Data for this task ▸
········

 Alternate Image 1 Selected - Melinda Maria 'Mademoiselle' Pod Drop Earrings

········

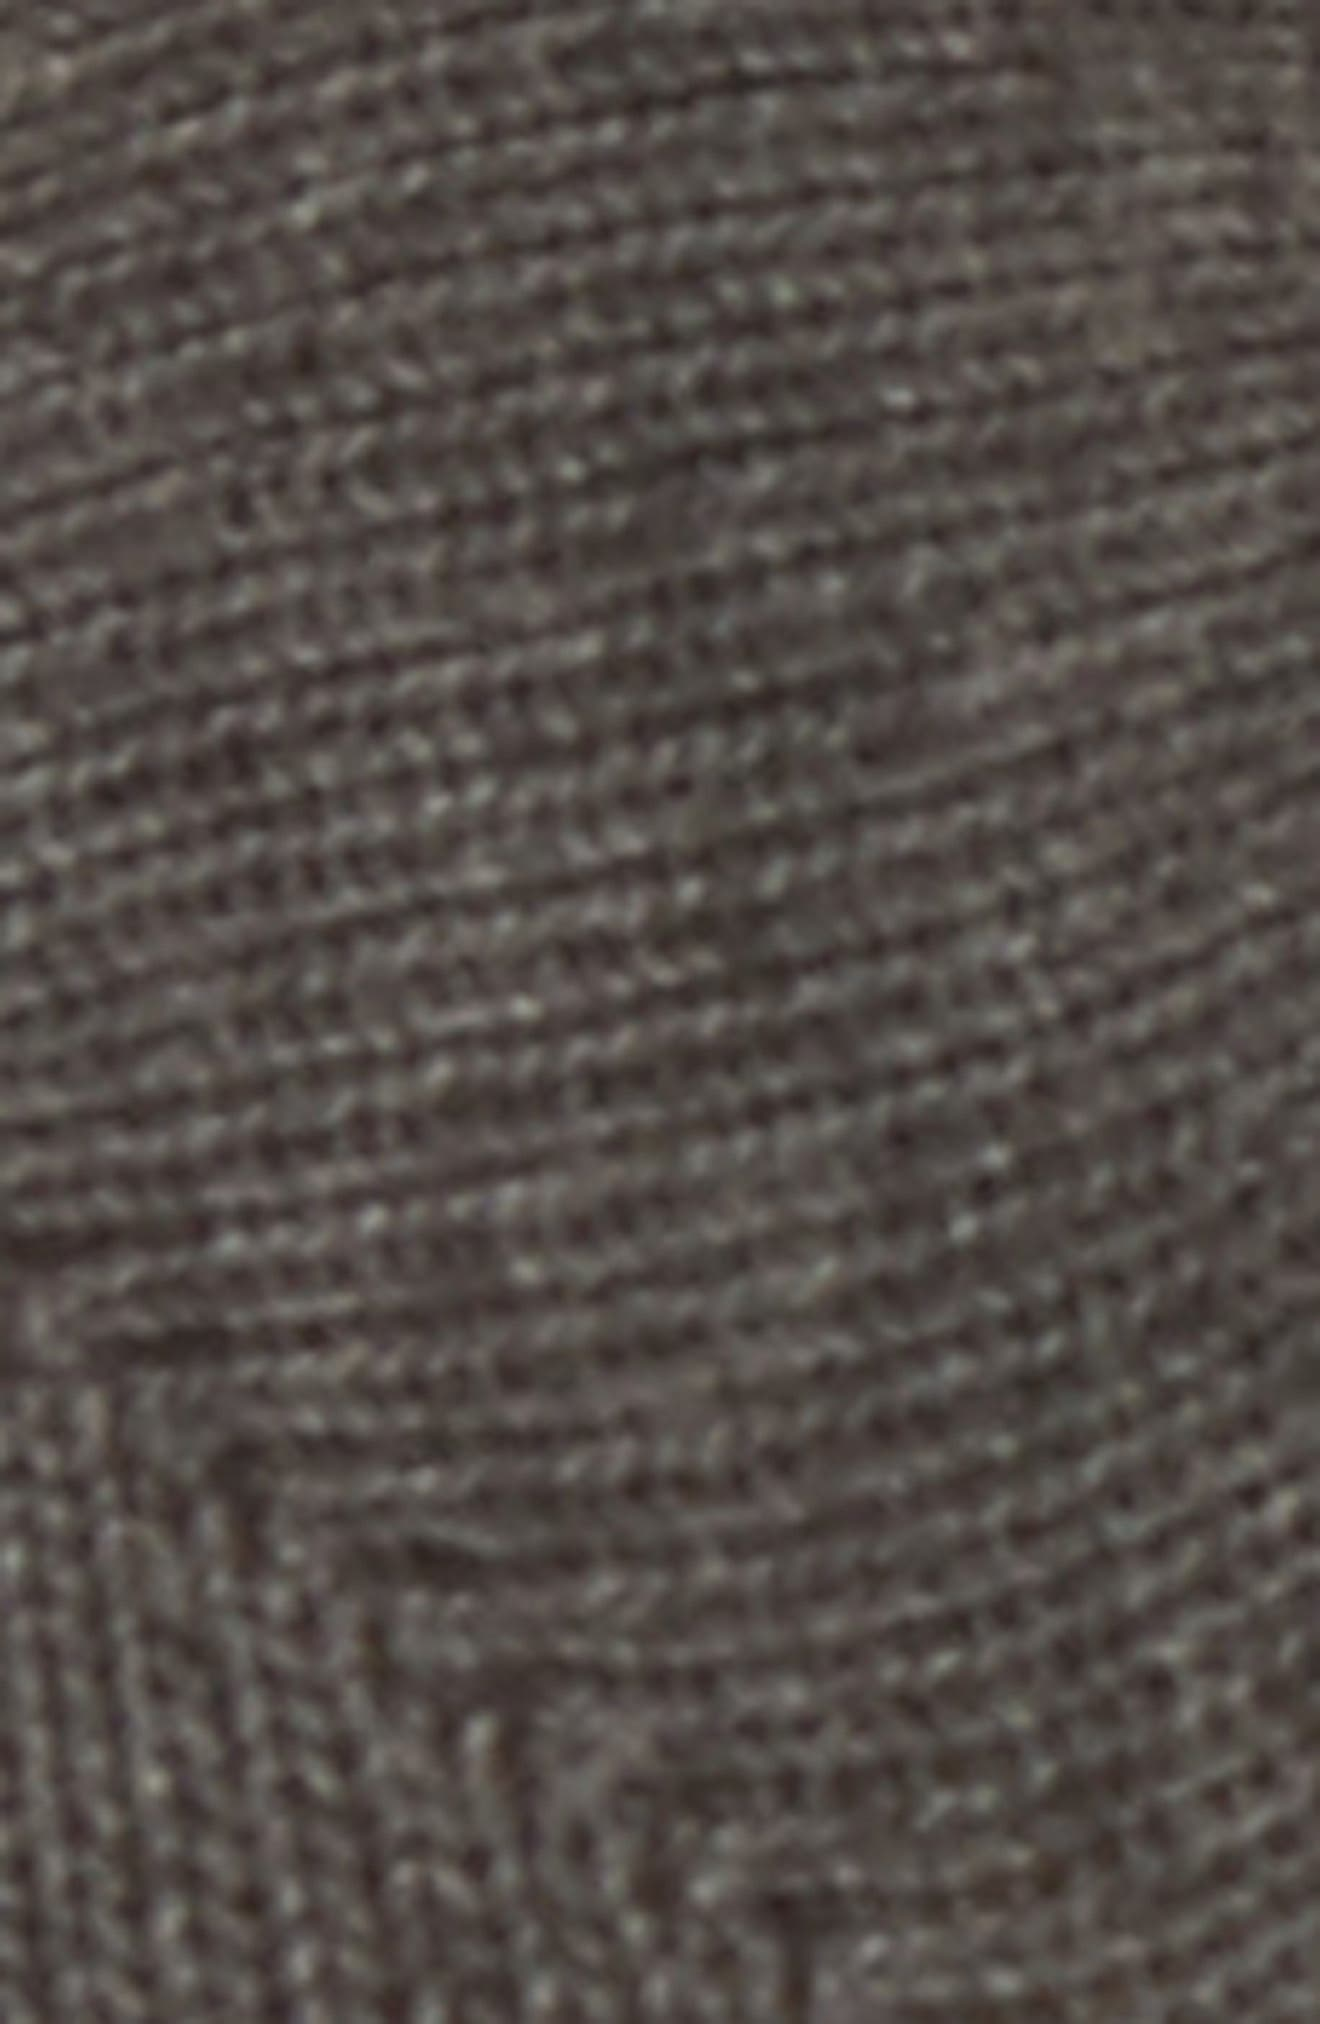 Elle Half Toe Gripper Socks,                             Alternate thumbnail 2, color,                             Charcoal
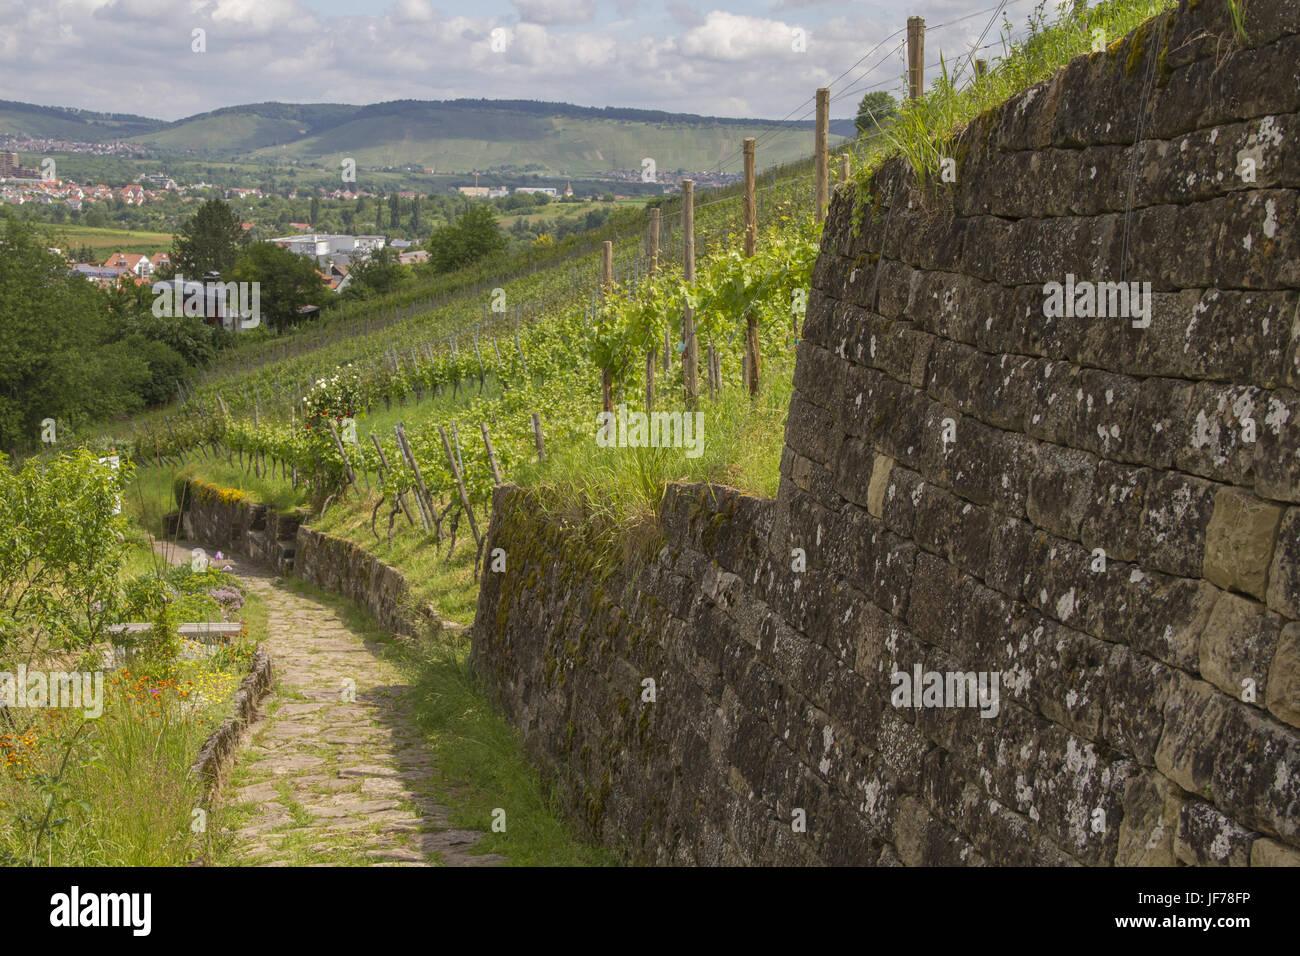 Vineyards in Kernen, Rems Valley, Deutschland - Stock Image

········

Problem details ▸ Return, exactly as they stand, the lines above from the one with "Elle Half Toe" to the one with "Vineyards in Kernen, Rems", omitting any pictures among them.

Response to this task ▸
 Elle Half Toe Gripper Socks,                             Alternate thumbnail 2, color,                             Charcoal
 Vineyards in Kernen, Rems Valley, Deutschland - Stock Image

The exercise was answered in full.